2.10. Statistical Analysis
All values reported in this work are means of three independent determinations. The mean values ± SD are given in tables and graphs. All the data has been statistically analyzed by one-way analysis of variance (ANOVA) in randomized complete block design to check the variability of data and validity of results. Comparison between control and treatment was done by LSD test [25].
3. Results
When C. roseus plants were transplanted to soil containing variable concentrations of chromium, at the beginning they showed the symptoms of chlorosis and senescence. But after a period of one week of transfer, the plants gradually adapted and grew well. It seemed that after an initial shock plants grew well. Plants treated with Cr at 10 and 50 μM levels grew normally as shown by leaf numbers, plant height, and biomass. Only at 100 μM level there is some stunted growth (data not shown).
3.1. Chromium Accumulation and Its Effect on Chlorophyll and Carotenoids Content
C. roseus accumulated chromium in concentration dependent manner (Table 1). The amount of chromium accumulated by different plant tissues (roots > leaves) varied significantly (ANOVA, P < 0.05). Roots of rosea variety accumulated maximum amount (41.4 ppm DW) of chromium when exposed to 100 μM chromium for 30 days. The maximum chromium (25.96 ppm DW) content in shoots was also recorded at the same concentration and in the same variety.
Table 1.
Chromium accumulation in C. roseus.
| Cr. conc. | Cr accumulation (ppm) | |||
|---|---|---|---|---|
| Rosea | Alba | |||
| Shoot | Root | Shoot | Root | |
| Control | n.d | n.d | n.d | n.d |
| 10 μM | 2.79 ± 0.12 | 5.80 ± 0.15 | 2.78 ± 0.13 | 3.06 ± 0.15 |
| 50 μM | 10.36 ± 0.43 | 15.67 ± 0.56 | 15.03 ± 0.45 | 31.4 ± 0.98 |
| 100 μM | 25.96 ± 0.85 | 41.4 ± 1.05 | 25.28 ± 0.64 | 35.3 ± 0.95 |
Chromium reduced the level of photosynthetic pigments (total chlorophyll, chlorophyll a, and chlorophyll b) in C. roseus (Figure 1(a)). The chromium toxicity to photosynthetic pigments was not very significant (ANOVA, P > 0.05). It was observed that 100 μM chromium treatment for 30 days reduced total chlorophyll, chlorophyll a, and chlorophyll b contents only by 8.52, 5.39, and 10.56% in rosea variety and 5.08, 5.65, and 4.72% in alba variety, respectively. Contrary to the results of chlorophyll, carotenoids content increases with the increasing concentration of Cr in the growth medium (Figure 1(b)). 54.5% increase was observed in the carotenoids content of rosea variety at 100 μM Cr level which is quite significant (ANOVA P < 0.05), but in alba variety not much significant increase was noticed at any level of Cr treatment (Figure 1(b)).
Figure 1.
Effect of different chromium concentrations on (a) chlorophyll, (b) carotenoids, (c) protein, (d) cysteine, (e) Proline, and (f) NP-SH content of C. roseus after 30 days of Cr treatment. Mean ± S.D. (n = 3). ANOVA, P < 0.05.
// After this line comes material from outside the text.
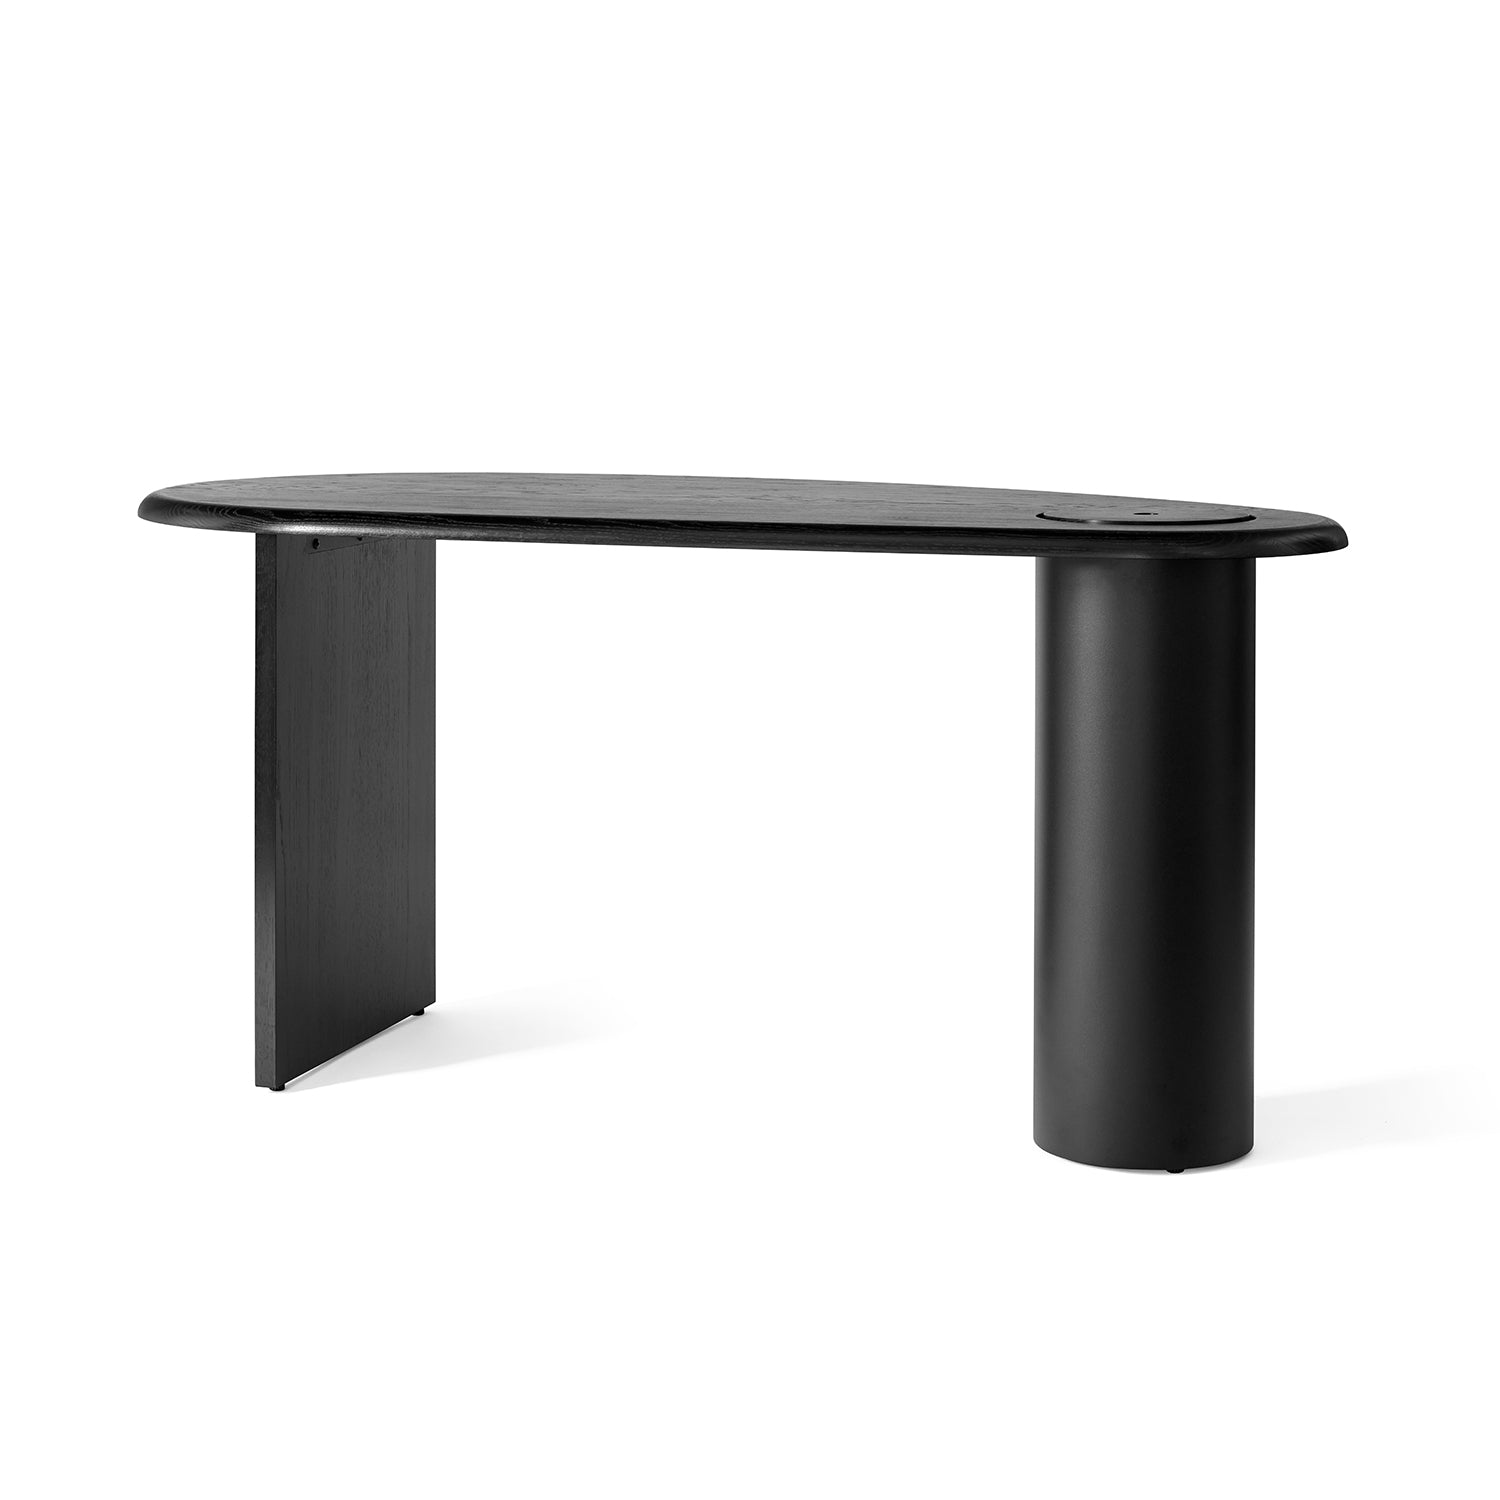 The Eclipse Desk - The Design Choice

3.2. Protein, Cysteine, Proline, and Nonprotein Thiol (NP-SH) Contents
The protein contents of the chromium treated plants were also found affected (ANOVA, P < 0.05) by chromium level in the soil (Figure 1(c)). A maximum reduction of 24.43% in protein content was observed at 100 μM concentration in alba variety of C. roseus, whereas in rosea variety 22.95% reduction was found in protein content at 100 μM level.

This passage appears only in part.